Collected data
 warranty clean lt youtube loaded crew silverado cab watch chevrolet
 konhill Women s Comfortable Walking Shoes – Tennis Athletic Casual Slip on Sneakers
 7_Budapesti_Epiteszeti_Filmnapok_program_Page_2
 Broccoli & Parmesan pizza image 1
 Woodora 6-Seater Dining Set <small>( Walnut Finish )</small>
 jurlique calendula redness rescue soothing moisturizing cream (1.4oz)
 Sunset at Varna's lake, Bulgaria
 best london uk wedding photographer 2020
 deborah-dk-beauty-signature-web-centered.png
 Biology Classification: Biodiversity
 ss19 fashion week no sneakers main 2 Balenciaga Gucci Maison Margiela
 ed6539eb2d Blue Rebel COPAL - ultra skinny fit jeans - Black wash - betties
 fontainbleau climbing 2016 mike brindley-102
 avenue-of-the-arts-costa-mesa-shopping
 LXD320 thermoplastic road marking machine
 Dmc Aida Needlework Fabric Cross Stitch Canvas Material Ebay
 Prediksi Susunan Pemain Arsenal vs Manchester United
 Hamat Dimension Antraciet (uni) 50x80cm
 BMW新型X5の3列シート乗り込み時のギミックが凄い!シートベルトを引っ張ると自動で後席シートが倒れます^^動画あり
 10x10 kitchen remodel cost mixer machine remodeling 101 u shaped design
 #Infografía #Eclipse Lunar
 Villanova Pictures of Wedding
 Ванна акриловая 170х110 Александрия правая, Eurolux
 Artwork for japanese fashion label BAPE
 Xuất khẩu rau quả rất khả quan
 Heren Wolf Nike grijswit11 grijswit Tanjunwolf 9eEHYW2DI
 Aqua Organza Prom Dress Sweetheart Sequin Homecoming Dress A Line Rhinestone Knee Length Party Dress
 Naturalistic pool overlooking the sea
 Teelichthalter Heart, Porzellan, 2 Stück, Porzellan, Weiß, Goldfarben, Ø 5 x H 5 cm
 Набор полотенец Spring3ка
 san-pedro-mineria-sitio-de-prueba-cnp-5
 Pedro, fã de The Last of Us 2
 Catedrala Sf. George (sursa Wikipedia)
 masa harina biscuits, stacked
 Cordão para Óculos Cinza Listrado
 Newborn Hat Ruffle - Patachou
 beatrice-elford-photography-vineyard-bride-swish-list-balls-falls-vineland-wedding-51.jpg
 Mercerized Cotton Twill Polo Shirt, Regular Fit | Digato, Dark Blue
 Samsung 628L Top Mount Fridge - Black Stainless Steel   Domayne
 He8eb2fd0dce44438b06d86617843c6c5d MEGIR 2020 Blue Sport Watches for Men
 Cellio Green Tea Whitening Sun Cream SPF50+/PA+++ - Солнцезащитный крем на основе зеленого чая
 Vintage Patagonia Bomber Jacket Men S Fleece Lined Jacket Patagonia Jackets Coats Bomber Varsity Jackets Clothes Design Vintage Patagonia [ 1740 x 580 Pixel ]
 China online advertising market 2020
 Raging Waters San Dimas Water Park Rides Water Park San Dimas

■ **EXERCISE DETAILS**: Please state how many lines of the records hold the word "Black", and write nothing but that number.

■ **EXERCISE SOLUTION**: 2